**Input data**
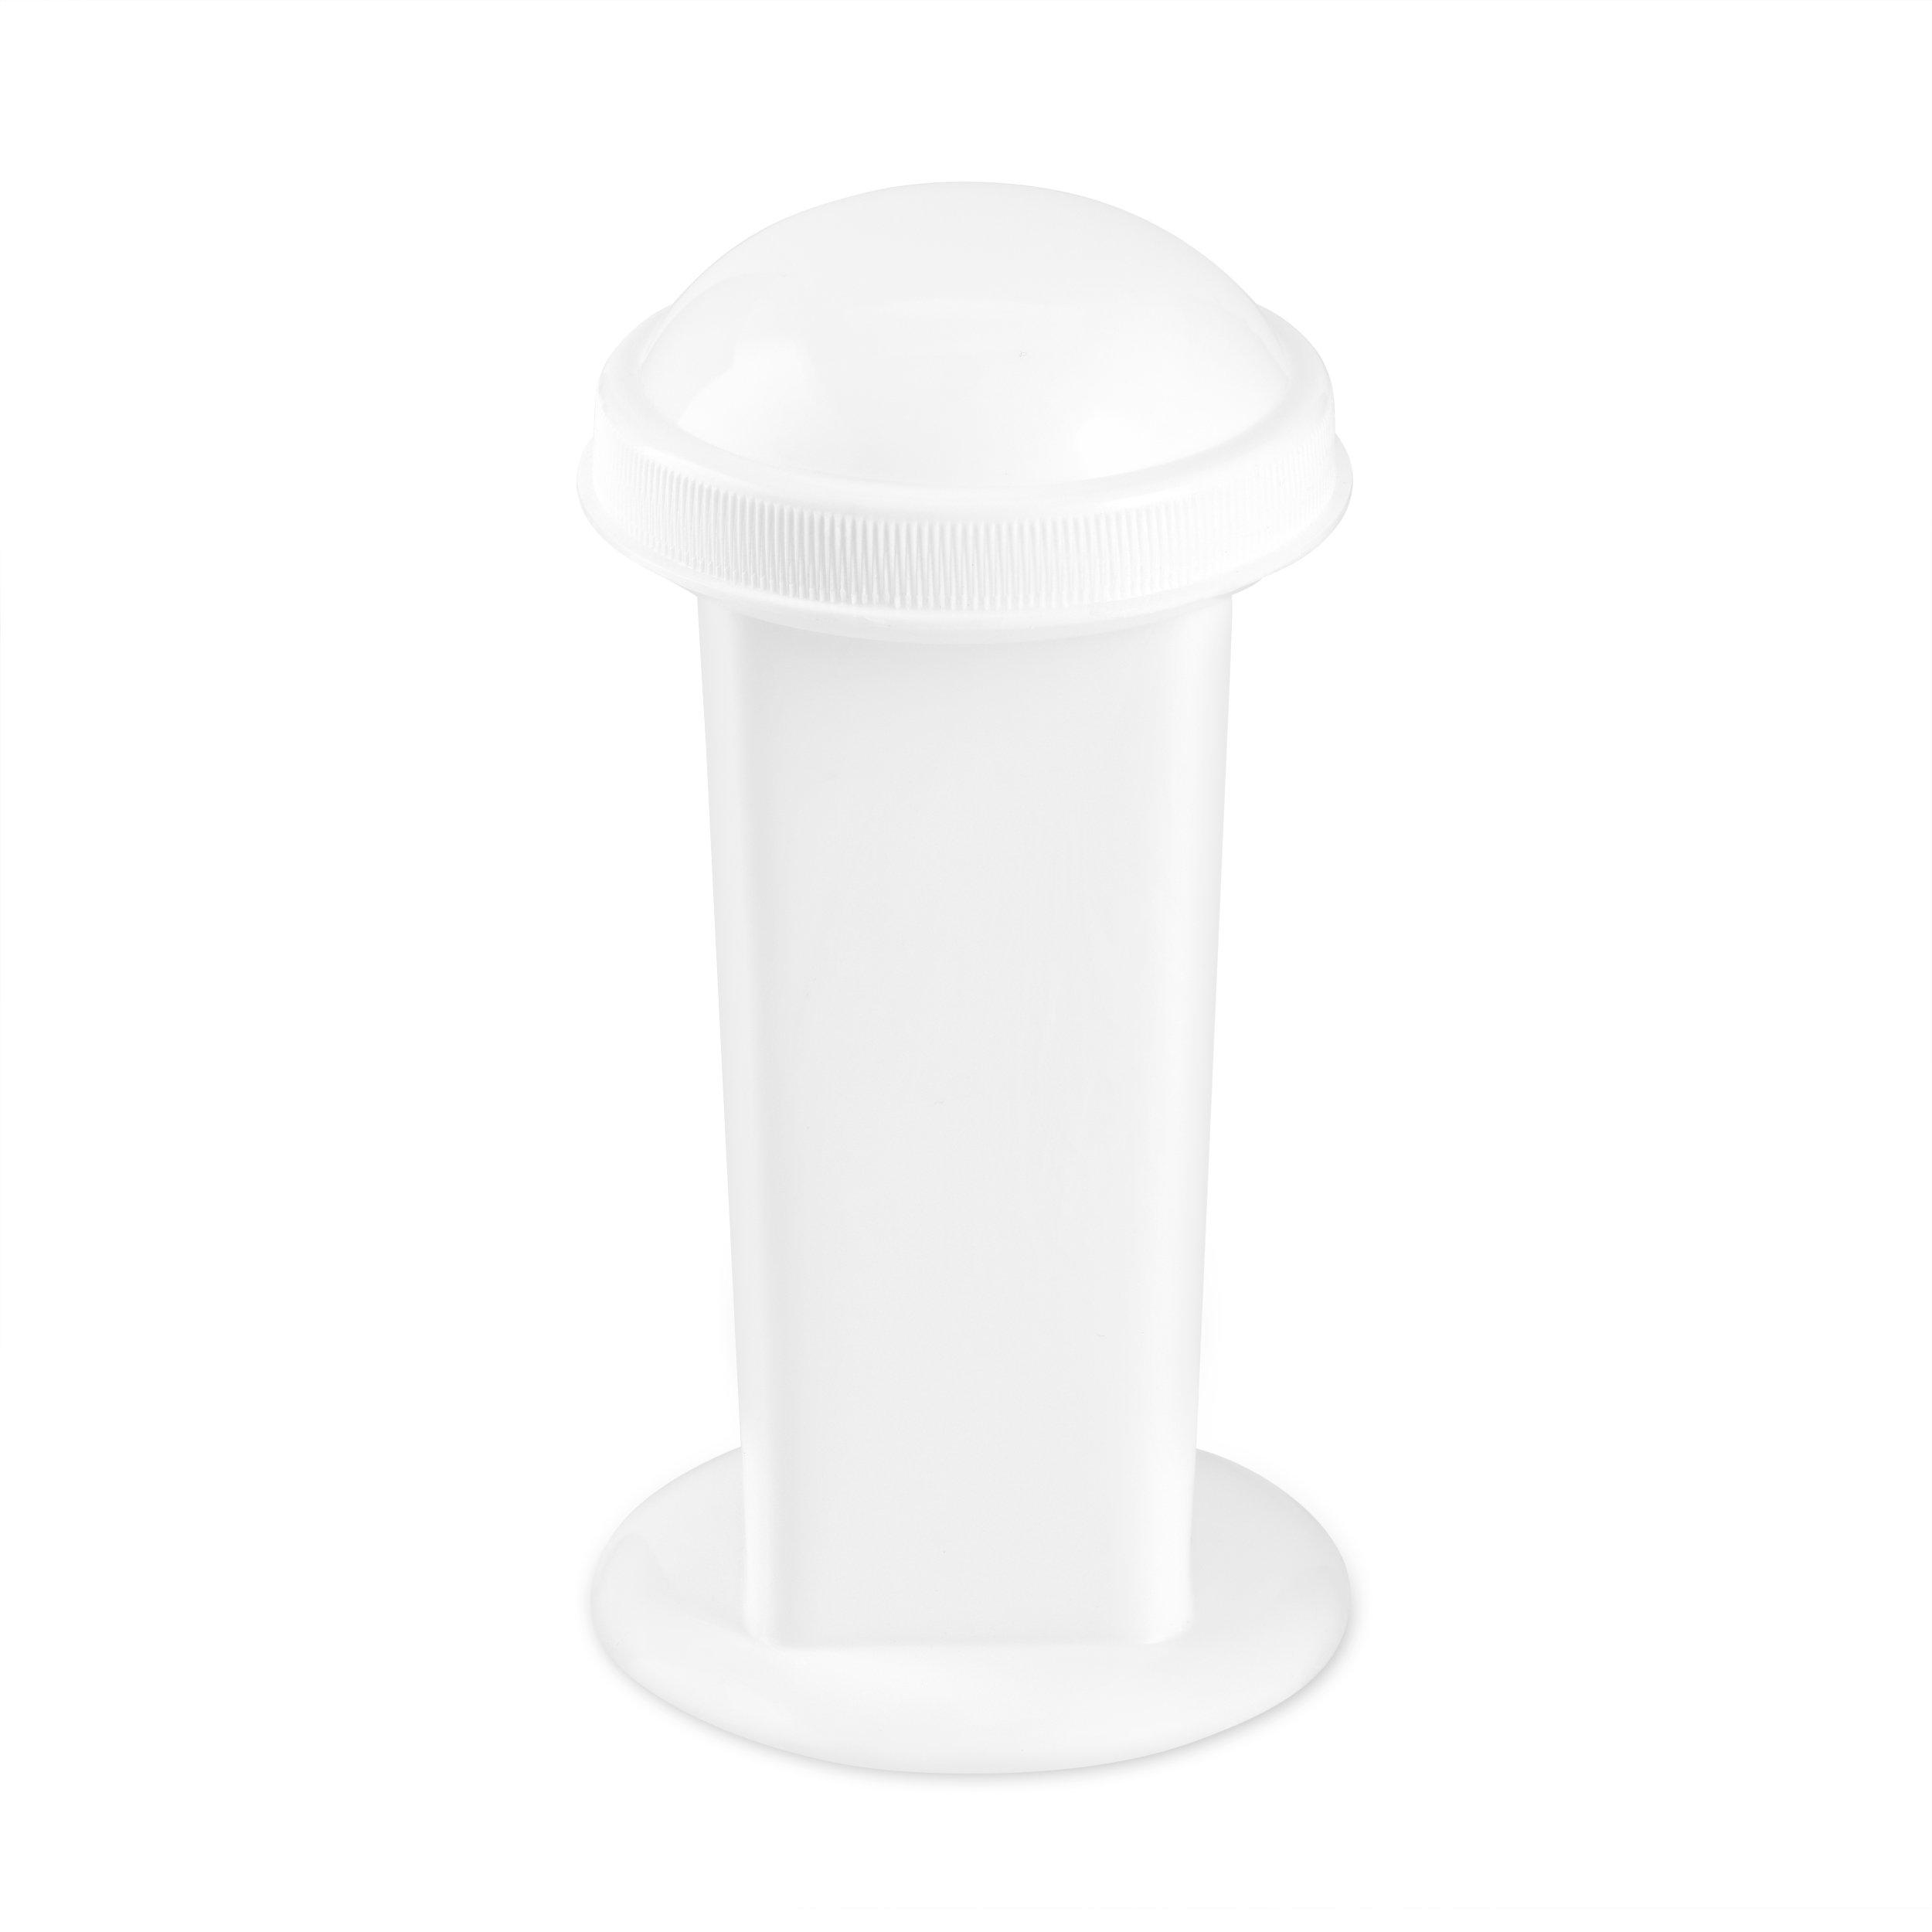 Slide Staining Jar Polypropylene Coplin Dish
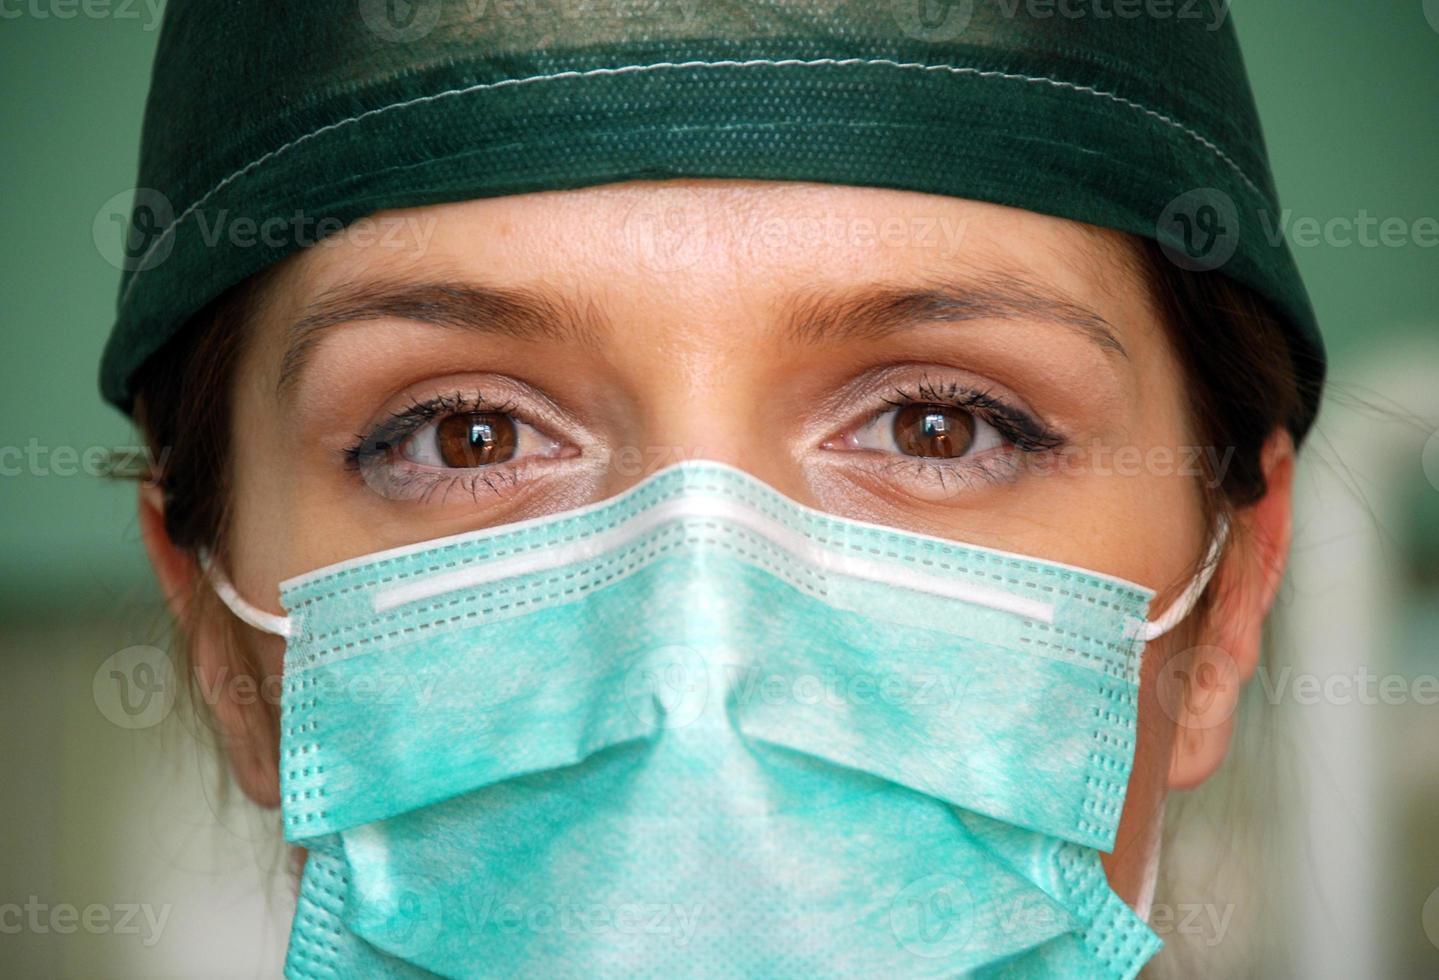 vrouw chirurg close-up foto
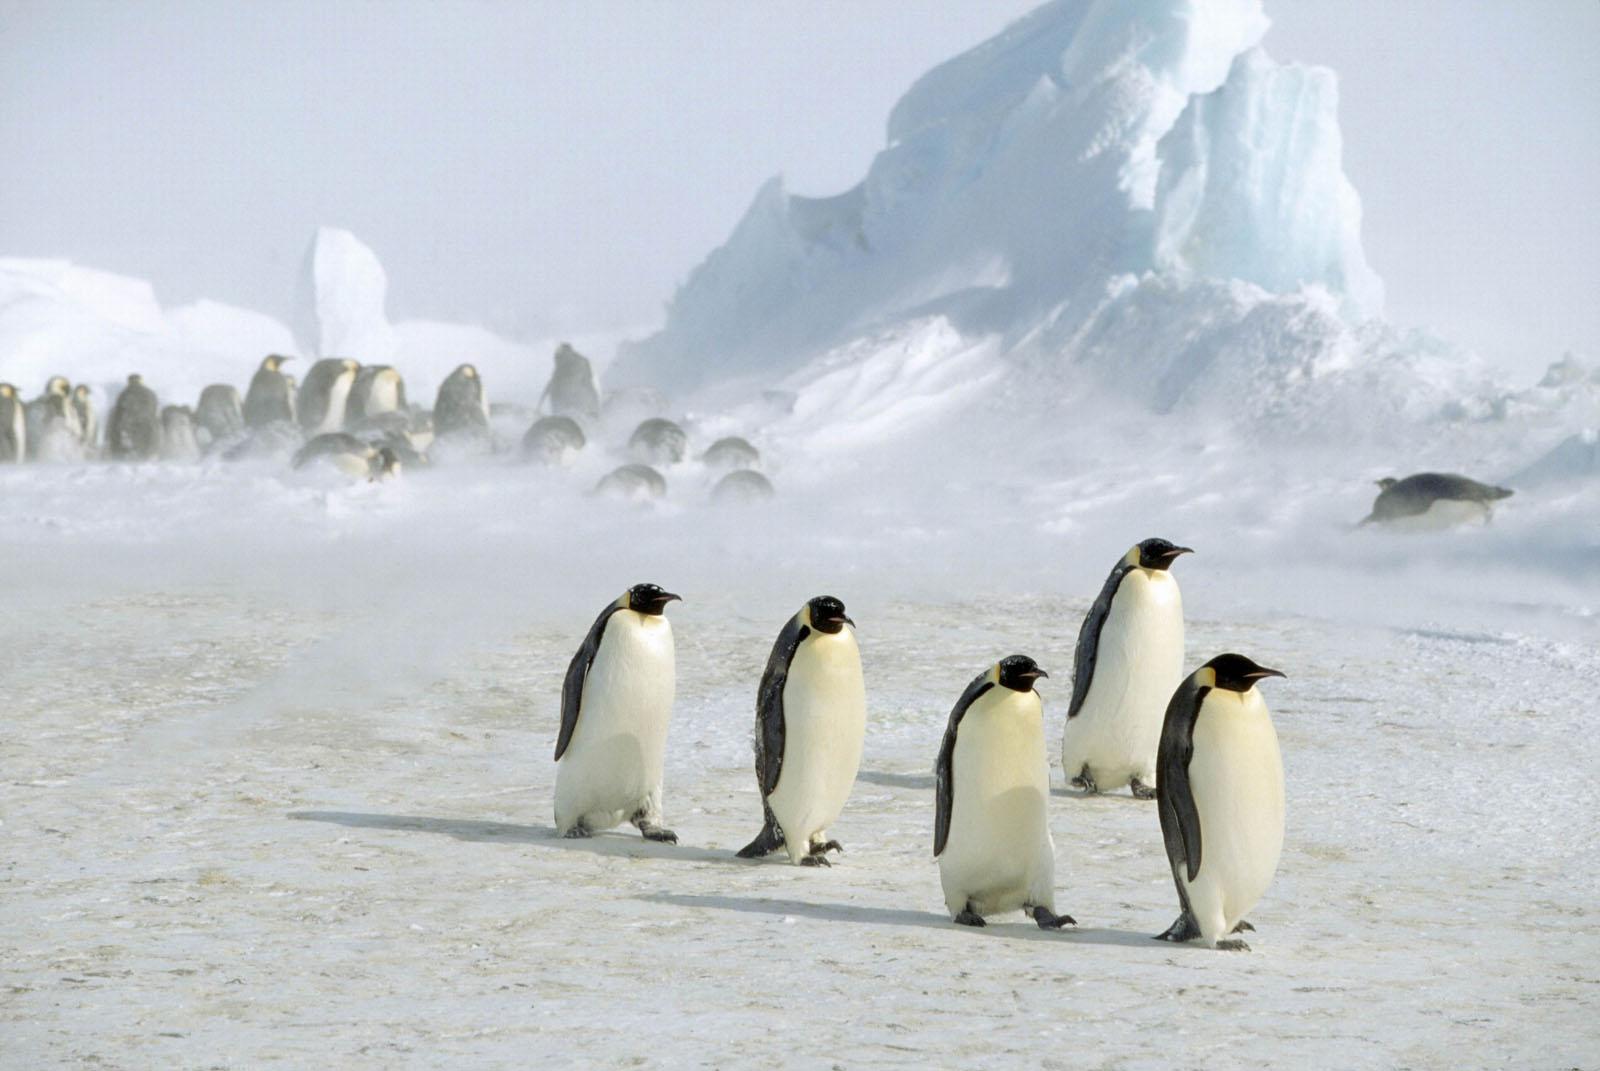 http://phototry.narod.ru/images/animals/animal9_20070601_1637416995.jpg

**Exercise requirements**
Having located the line with "vrouw chirurg close-up foto", transcribe exactly and only the lines from it to the final line of the material, skipping the pictures.

**Solution to the exercise**
 vrouw chirurg close-up foto
 http://phototry.narod.ru/images/animals/animal9_20070601_1637416995.jpg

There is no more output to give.